Oh, right, thanks for reminding me.

I am also a halfway decent cook, and I have mastered the basic theory of the making of necktie knots. I also have a smattering of knowledge of assorted other knots, which comes in handy every once in a while. Last but not least, I know the names of several exotic bladed weapons and the basic CS pistols.
 

Kilgore Trout

Misanthropic Humanist
What are the perks of dating you? I know a question like that is low hanging fruit to anyone with three brain cells firing all at once, and thus it would be easy to take the question humorously, but if you absolutely must do so, then please also take the question seriously. I'm genuinely curious what you bring to a date.

I'm smart, sexy, attractive, and humble.
 

Draka

Wonder Woman
So, is this to read like a dating ad?

I am an acquired taste. I'm a bit of a smartmouth with a sense of humor that will take jabs easily and quickly so if you are overly-sensitive or can't hang then you probably won't like me. I'm up for just about anything high-risk or dare-devil. So if you like things like bungee jumping, sky-diving, cliff-diving, or extreme amusement park rides...I'm game. On the flip side I can be a homebody as well and be content to curl up on the couch together and watch movies or play video games. Yes, I will play video games with you, talk about comic books, watch football, and WWE wrestling. All in all, I'm fun to hang out with. And, uh, I have big ta ta's. ;)
 

Shadow Wolf

Certified People sTabber & Business Owner
I'm a college educated grease monkey who can fix most of your computer and other electronic device problems. And I can cook, repair many things around the house, and can remodel. I can also play music, keep an intellectual conversation going, and you can rest assured that you won't hear what you want to hear from my mouth.
 

Ouroboros

Coincidentia oppositorum
What are the perks of dating you?
I can cook fairly decent food, from scratch. No cheating. My peppercorn-garlic crusted file is really awesome, especially with herb roasted potato and home made bearnaise sauce. But my parmesan chicken isn't too bad either.
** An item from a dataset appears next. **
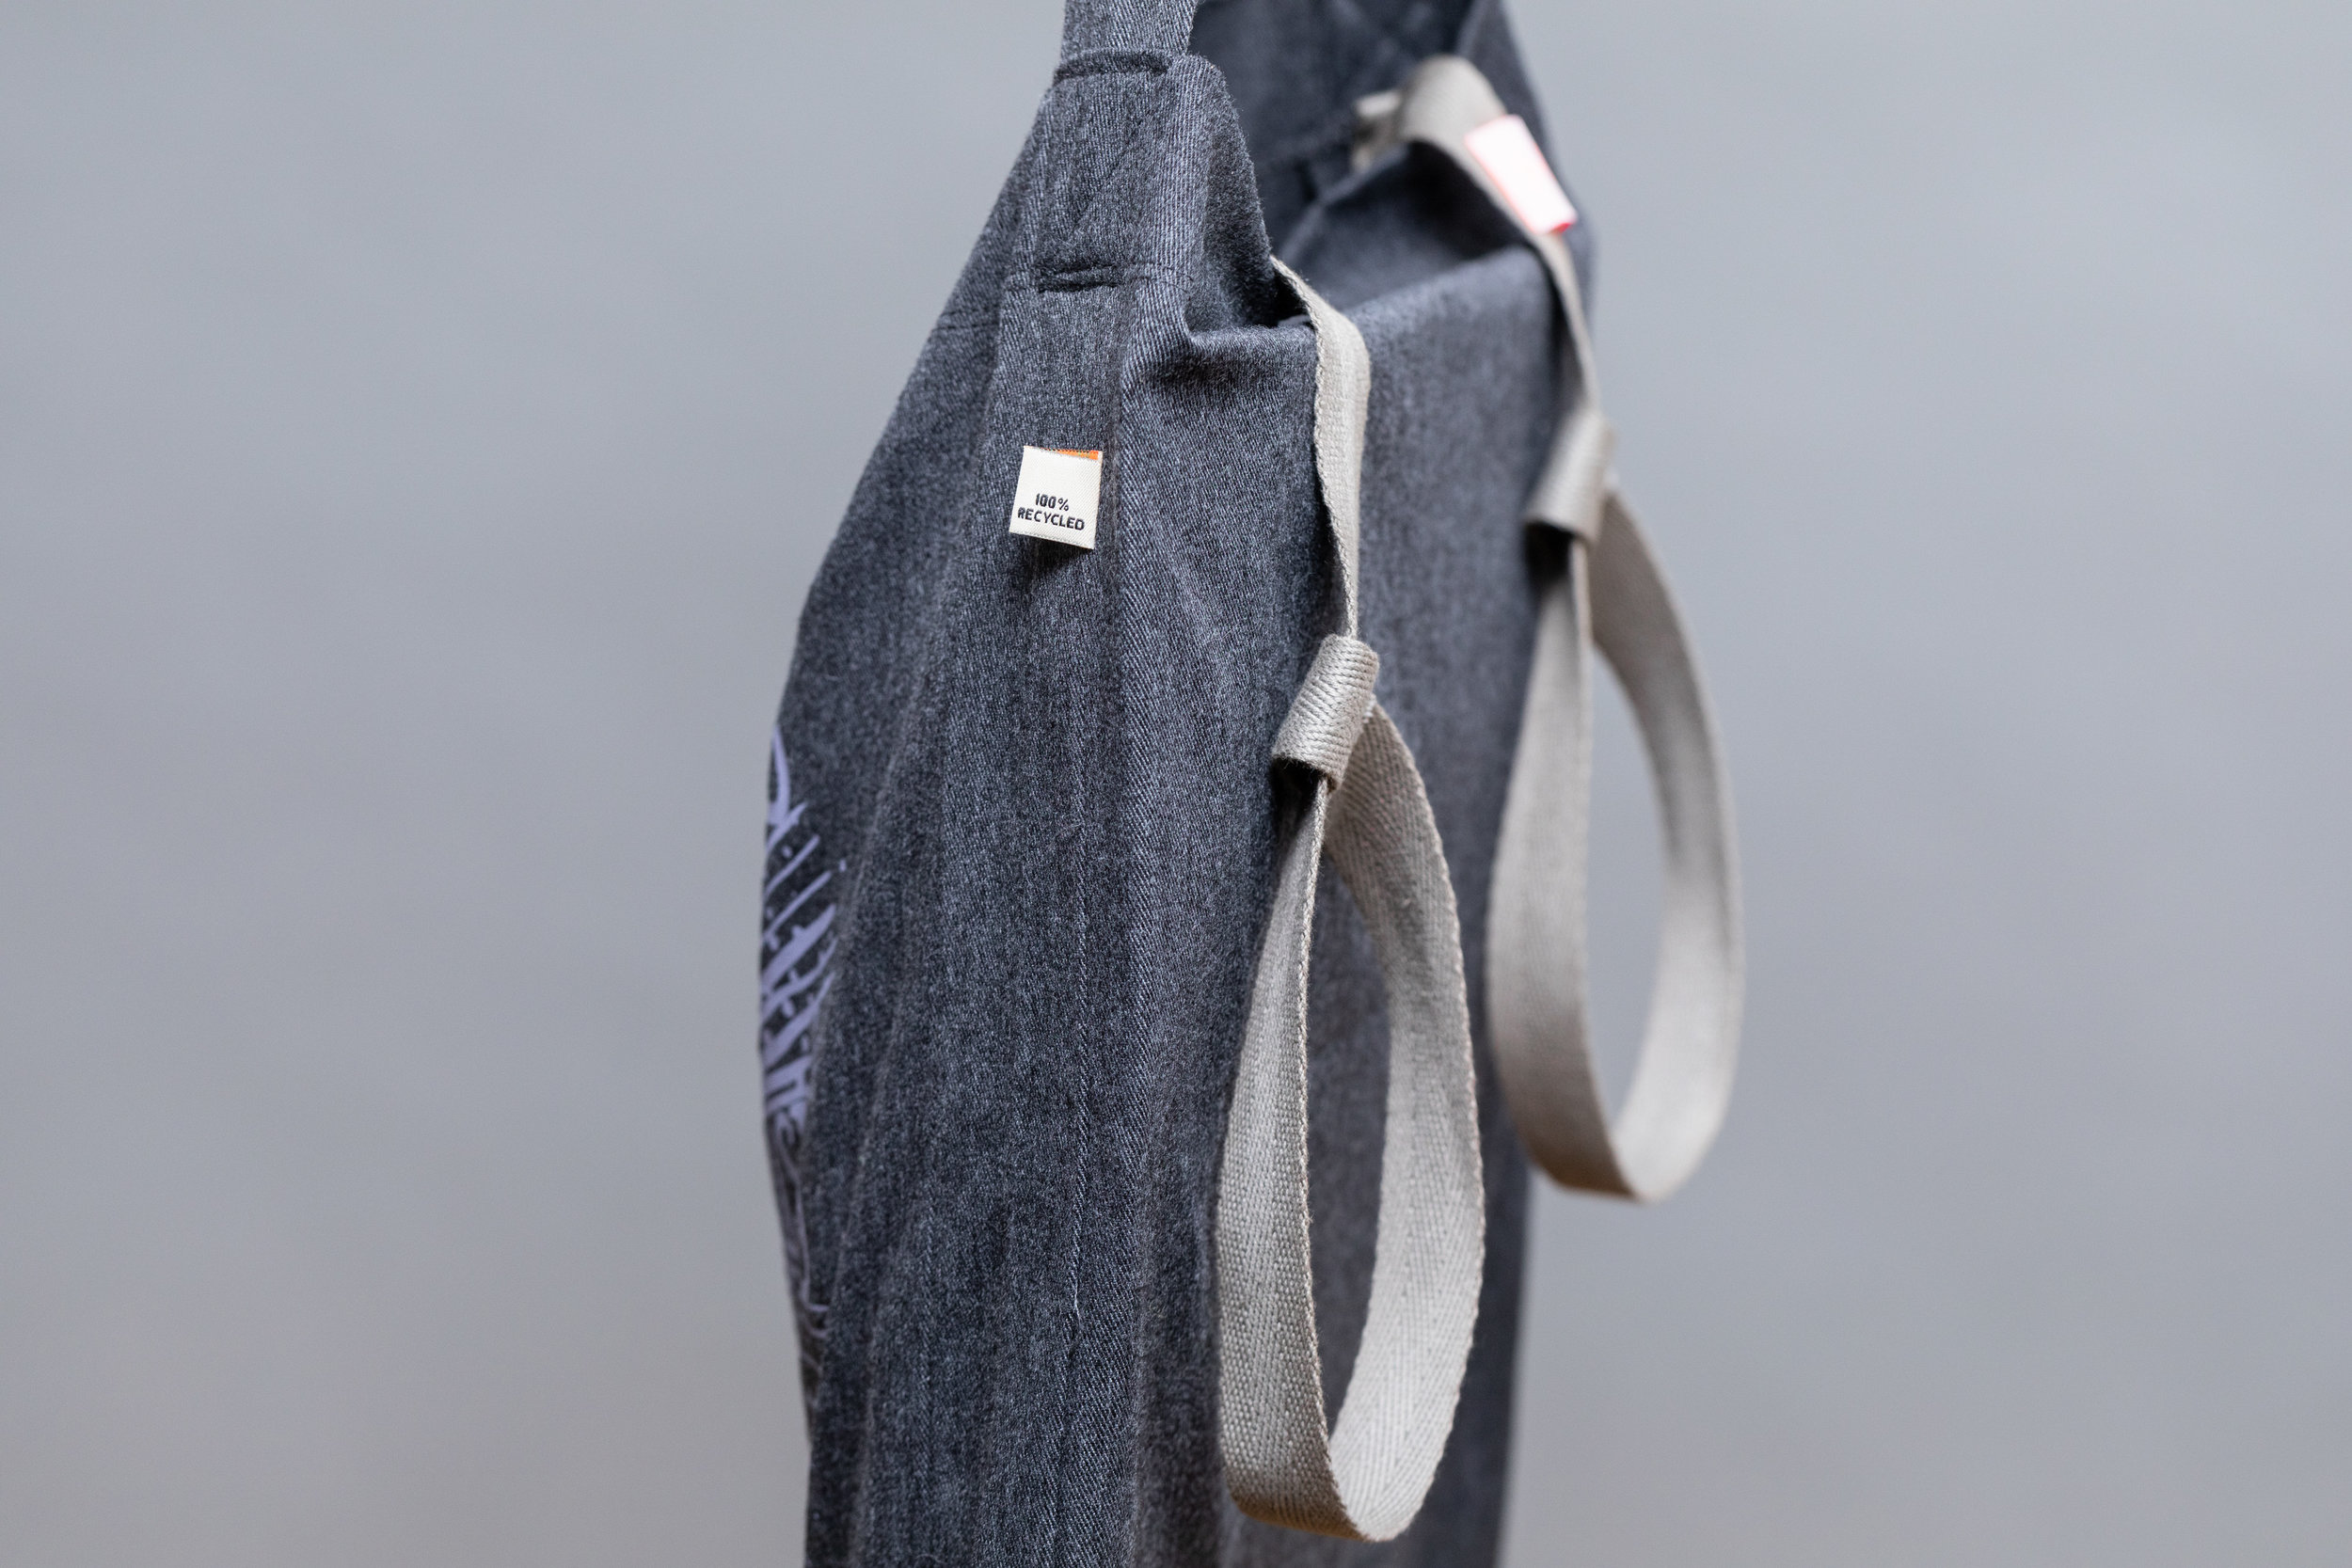 twists and turns tote bag nin detail hang.jpg

I will pour you wine, and I will do the dishes afterwards as well. If you're lucky, you'll get some of my homemade ice cream and banana fosters.
 

Buttercup

Veteran Member
I can cook fairly decent food, from scratch. No cheating. My peppercorn-garlic crusted file is really awesome, especially with herb roasted potato and home made bearnaise sauce. But my parmesan chicken isn't too bad either.

I will pour you wine, and I will do the dishes afterwards as well. If you're lucky, you'll get some of my homemade ice cream and banana fosters.
Can my mom and I come to your place for dinner?
 

Deidre

Well-Known Member
I have lots of mojo,

Cool, baby, yeah!
th

LMAO!!!
 

9-10ths_Penguin

1/10 Subway Stalinist
Premium Member
What are the perks of dating you? I know a question like that is low hanging fruit to anyone with three brain cells firing all at once, and thus it would be easy to take the question humorously, but if you absolutely must do so, then please also take the question seriously. I'm genuinely curious what you bring to a date.
Seems like my wife would be the better one to answer this than I would be.
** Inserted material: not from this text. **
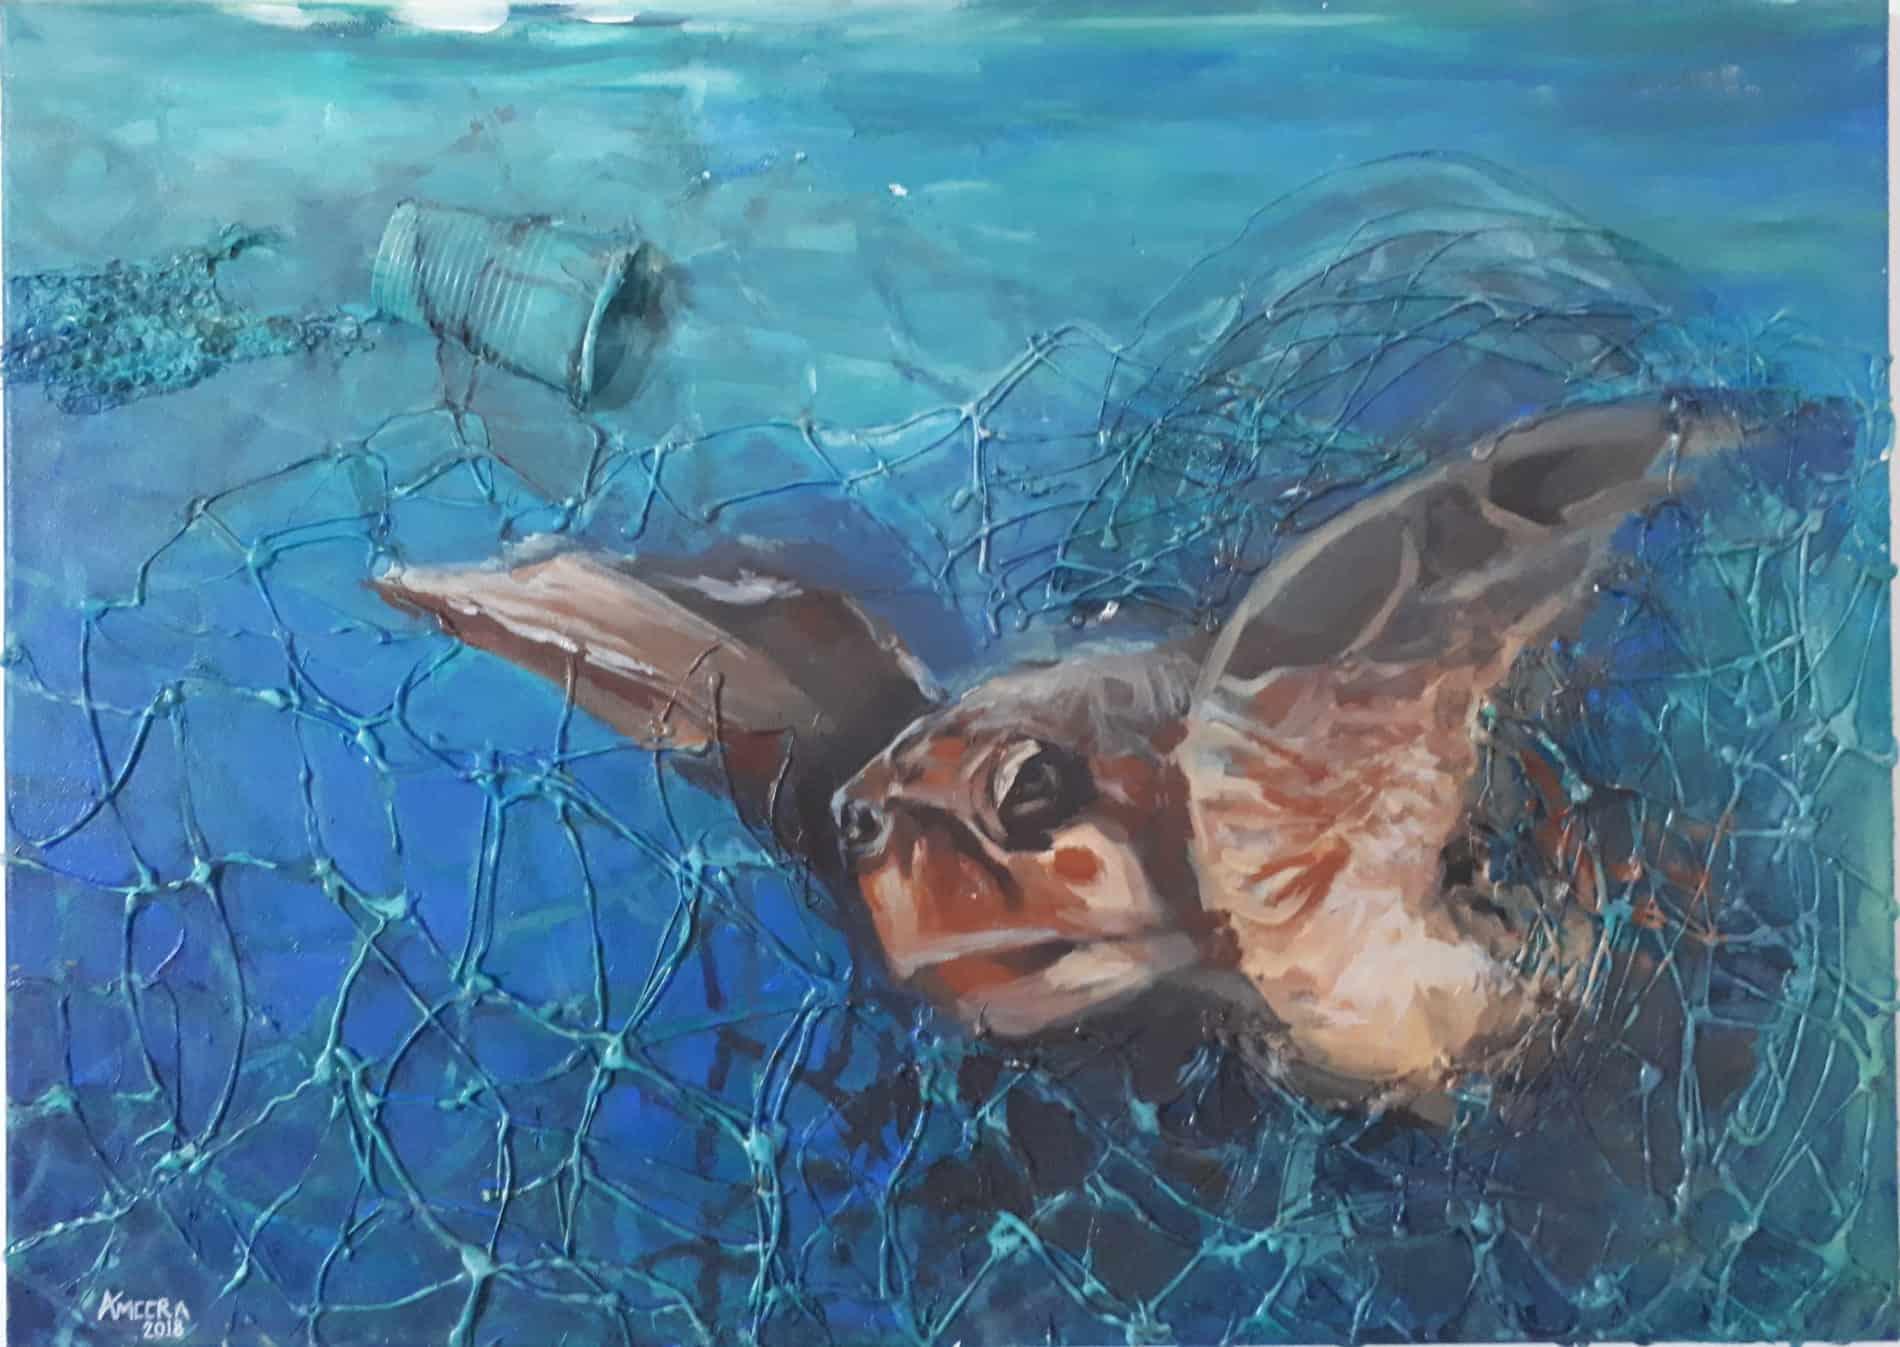 mauritius-arts-ameera-koheeallee-trapped

I want to say neck rubs on car trips, but that's more of a relationship thing than a date thing.

Corny jokes and tales of adventure? I have those for anyone.
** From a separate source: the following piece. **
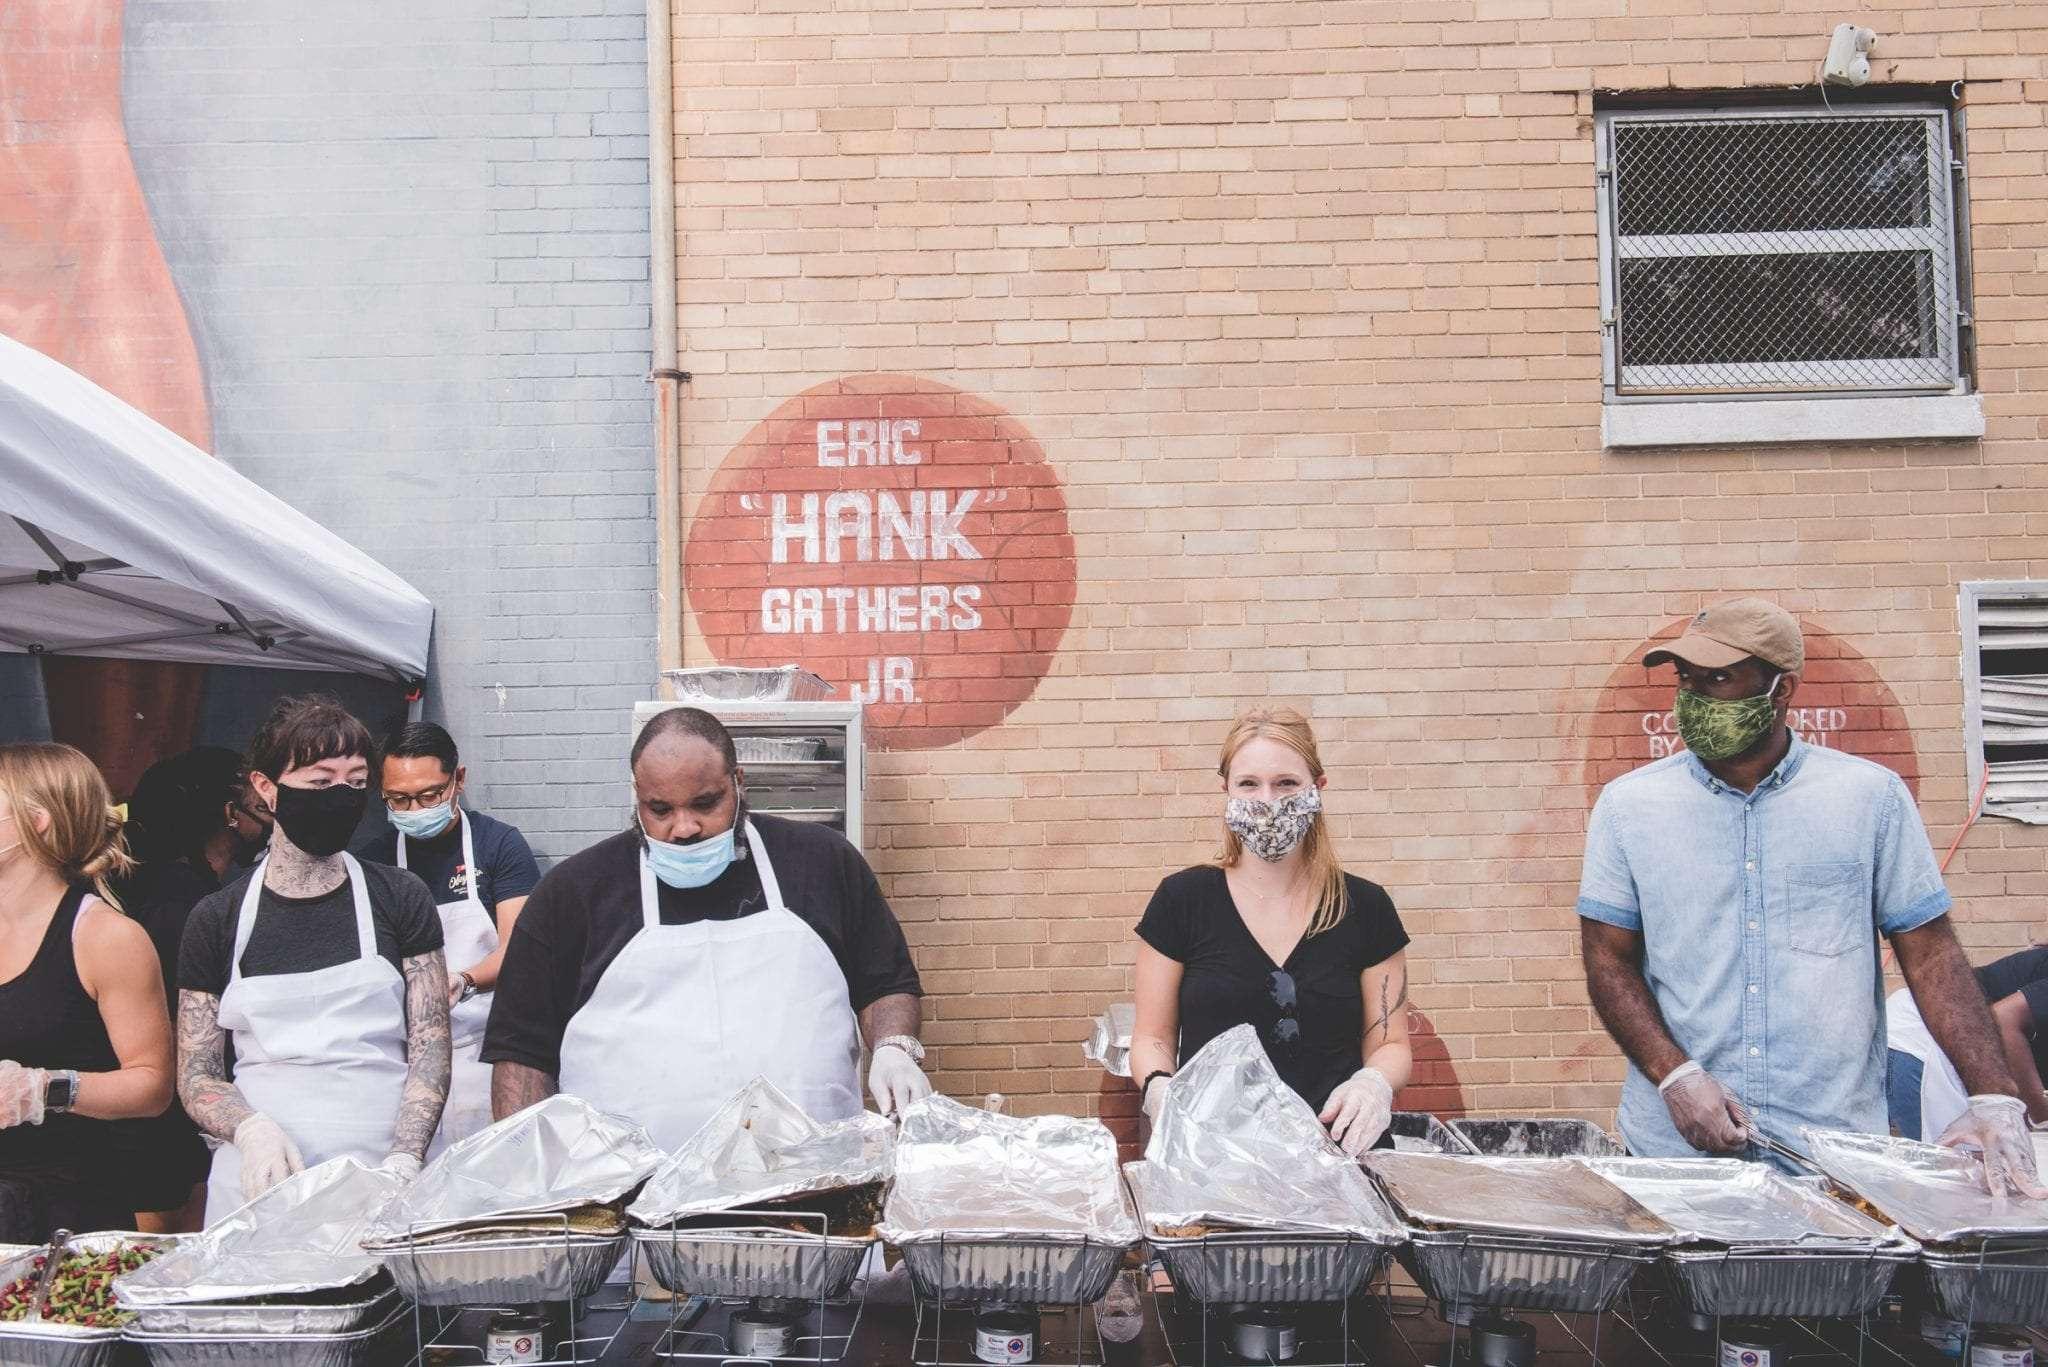 Eric Hank Gathers jr building philadelphia free food

I also have an almost-fully-stamped loyalty card for a butcher shop that makes haggis. I'd totally split that with someone after, say, the third or fourth date.
 

Wirey

Fartist
I'm handsome, I'm smart, I'm athletic, I'm rich, I'm good in bed (courteous and patient ladies, spread the word!), I'm funny and fun, I like to make time for my lady, and I'm generous about everything in my life. I work hard so my lady doesn't have to, and I always remember to buy nice things for birthdays. I know I joke around, but I really am what most girls want. This weird thing I do I can also pull off as charming.
 
There are no perks to dating me. I'm burdensome, frigid, angsty, moody, unmotivated, self-centered. Oh, and I'm ugly as a bridge troll too.